Abstract
Abstract
Water injection has been used to increase oil recovery since the late 19th century. For over 100 years, the mechanisms behind this incremental oil recovery have been thought of as physical, i.e. the injection of water maintains reservoir pressure and sweeps the mobilised oil to the producing well. In the last decade this premise has been questioned and through the development of BP's LoSal™ EOR technology, it is now recognised that oil recovery through waterflooding also involves chemical processes and that modifying the brine chemistry of the injection water can significantly impact the observed recovery.

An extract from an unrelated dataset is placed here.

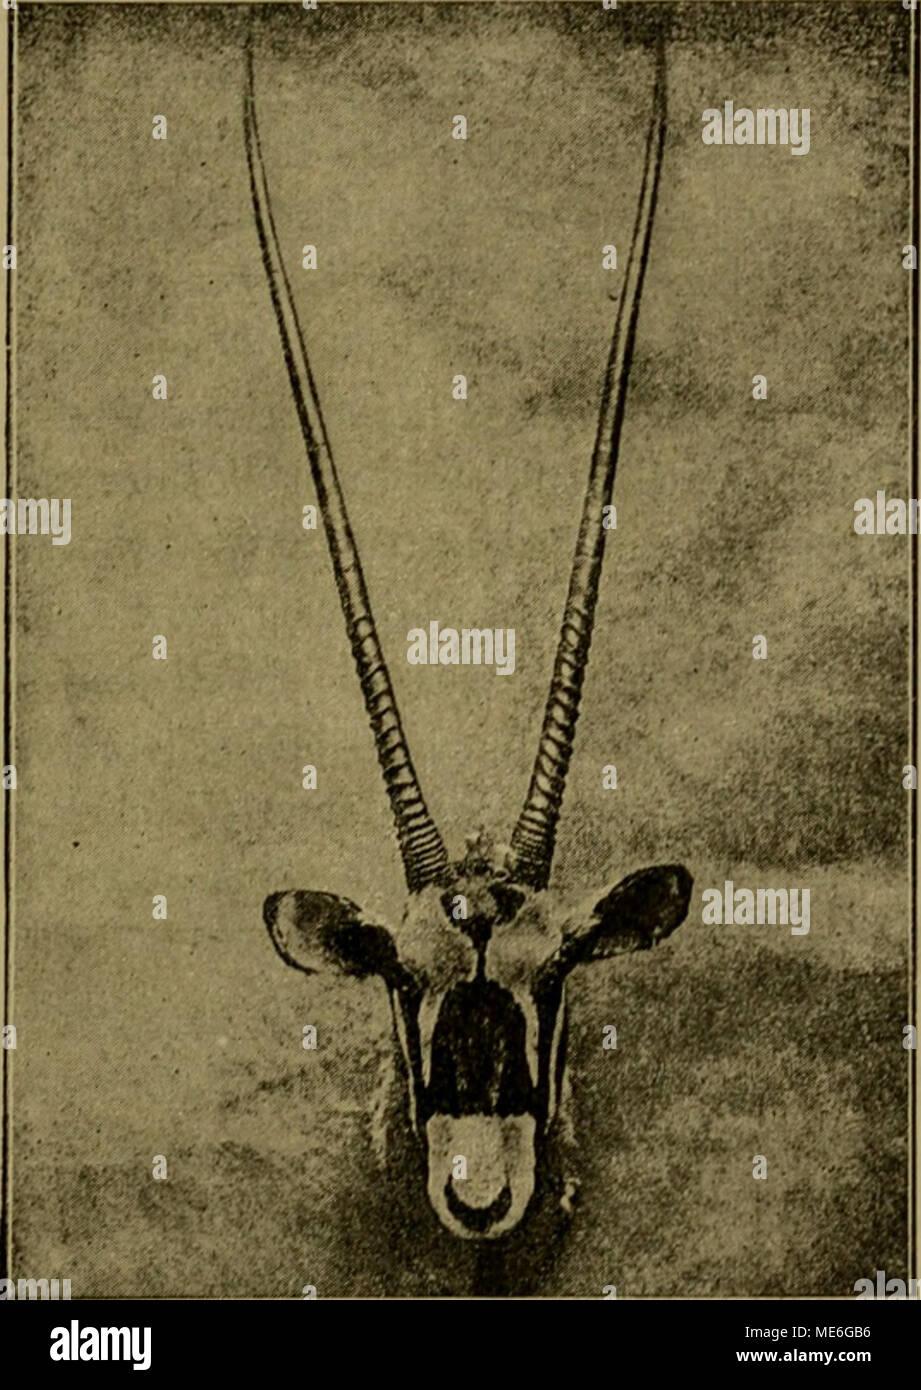 . Die geographische Verbreitung und geologische Entwickelung der Säugetiere . l'ig. 0». Kojif der Oryxantilope ((/ryxj. vertretene Gattung, die durch die geraden oder nur schwach gebogenen und nur an der Basis geringelten schlanken Hörner charakterisiert ist, ist über alle Wüstengegenden von Afrika, Arabien und Syrien verbreitet. Die Mehr- zahl der Arten sind allerdings auf Aethiopien beschränkt. - Stock Image

Several hypotheses regarding the mechanism involved with low salinity waterflooding have been discussed in the literature. In 2006, BP published a proposed mechanism for this phenomenon based upon multicomponent ion exchange (MIE) triggered by expansion of the electric double layer at the mineral surfaces that bind the oil.
This paper describes on going research studies focused on advancing the understanding of these mechanisms using sophisticated physical chemistry techniques such as Small Angle Scattering using neutrons from the ILL facility in Grenoble, France and the ISIS facility at the Rutherford Appleton laboratory, UK and X-rays at the DIAMOND Light source, Oxon. These techniques are capable of measuring the thickness of any water layer at the mineral surface down to the Angstrom level.
Results to date provide some support for the BP published mechanism. They have shown the presence of a thin water layer and its variation with changes in the salinity of the water medium at model silica and clay-like surfaces, with attached (model) polar oil components, suspended in oils. Furthermore, the impact of cation-type on the water-layer thickness has also been demonstrated.